British Army officer and courtier (1871–1945)

Brigadier-General Gerald Frederic Trotter, (21 July 1871 – 14 June 1945) was a British Army officer and courtier.

==Biography==
Trotter was the son of Major-General Sir Henry Trotter and Hon. Eva Gifford, daughter of Robert Gifford, 2nd Baron Gifford. His younger brother was the army officer, Edward Henry Trotter. Trotter was educated at HMS Britannia, but commissioned into the Royal Scots and transferred to the Grenadier Guards in June 1892. He was promoted to lieutenant on 3 March 1897, and to captain (supernumerary) on 18 November 1899.

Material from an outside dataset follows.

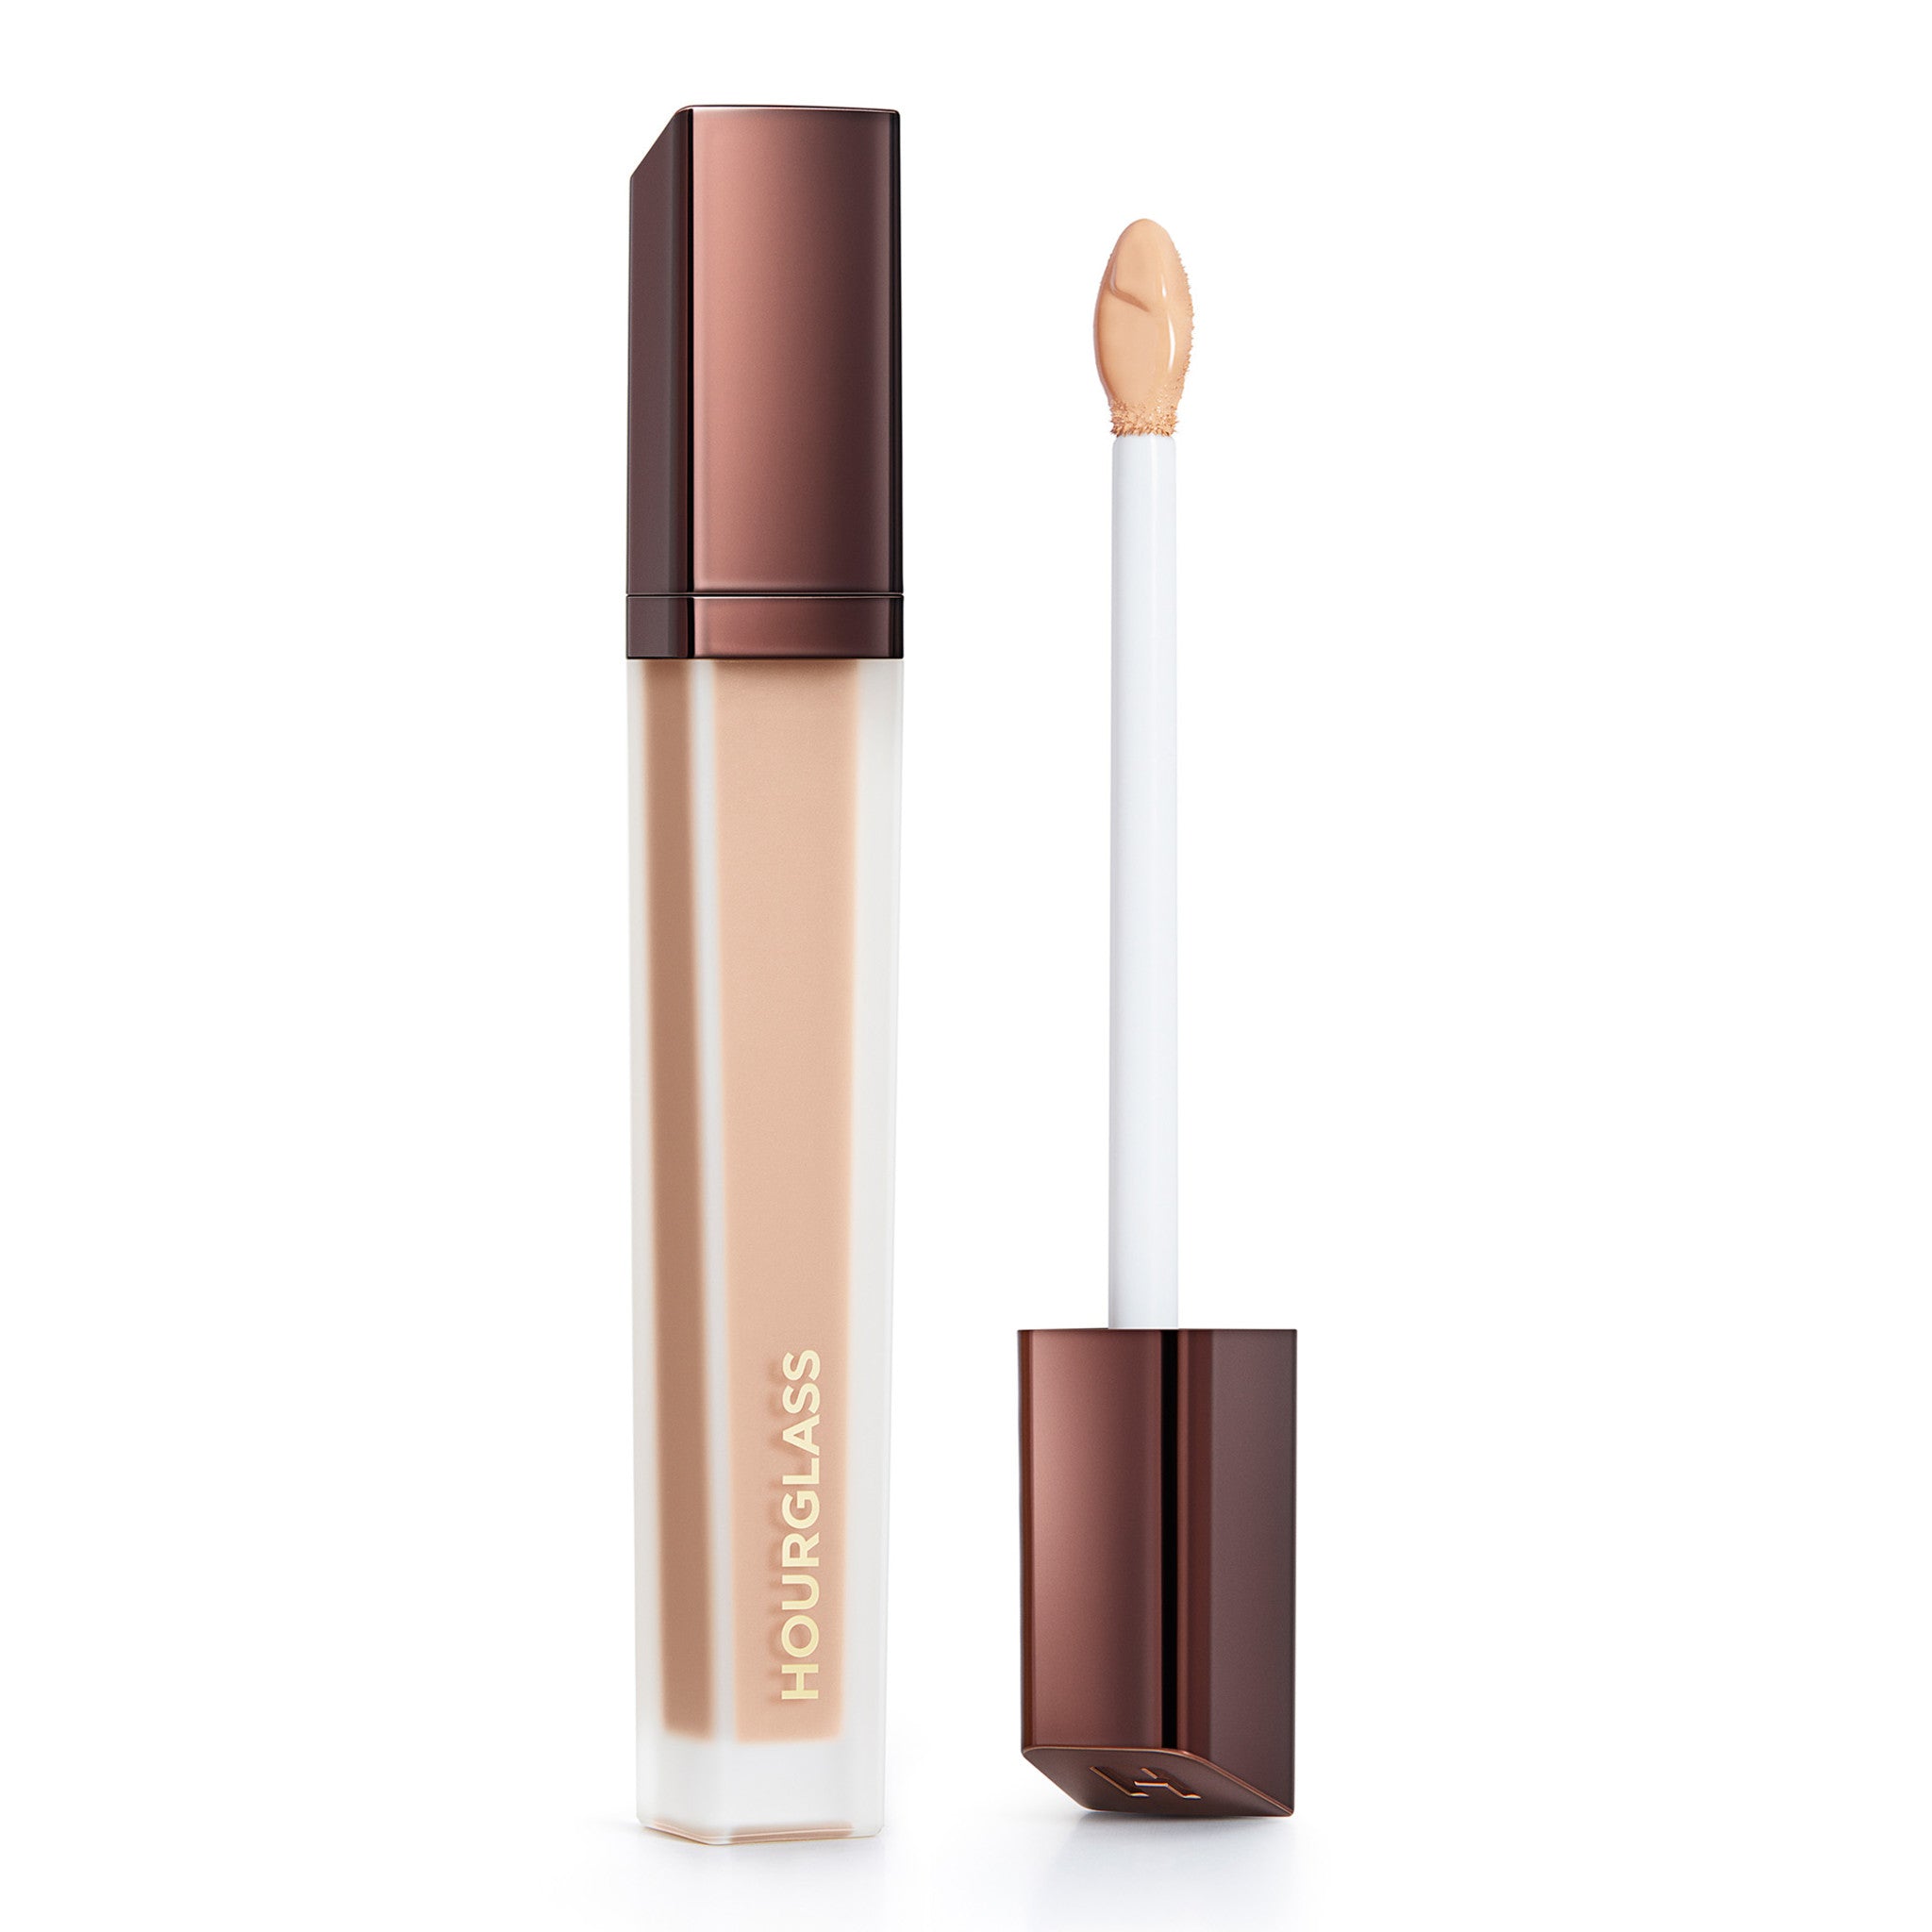 Face Concealers main image.

He first saw active service in the Second Boer War in South Africa. In March 1900 he was badly wounded when a small foraging party, mainly of officers, including Colonels Crabbe and Codrington, was ambushed at Karee Siding; one man was killed. This episode was generally regarded as "plucky" but widely reported round the world as an example of the "over-confidence and recklessness" (in the words of the New York Tribune) of British officers. Trotter′s arm was amputated after the incident, but despite his incapacity, he returned to the war and was mentioned in despatches in September 1901. That same month he was created a Companion of the Distinguished Service Order (DSO). On 3 June 1901 he was appointed a superintendent of gymnasia.

Following the end of the war in May 1902, Trotter received a regular commission as a captain in his regiment in July 1902, and returned to the United Kingdom on board the SS Lake Michigan with a large contingent of men from the guards regiments in October 1902.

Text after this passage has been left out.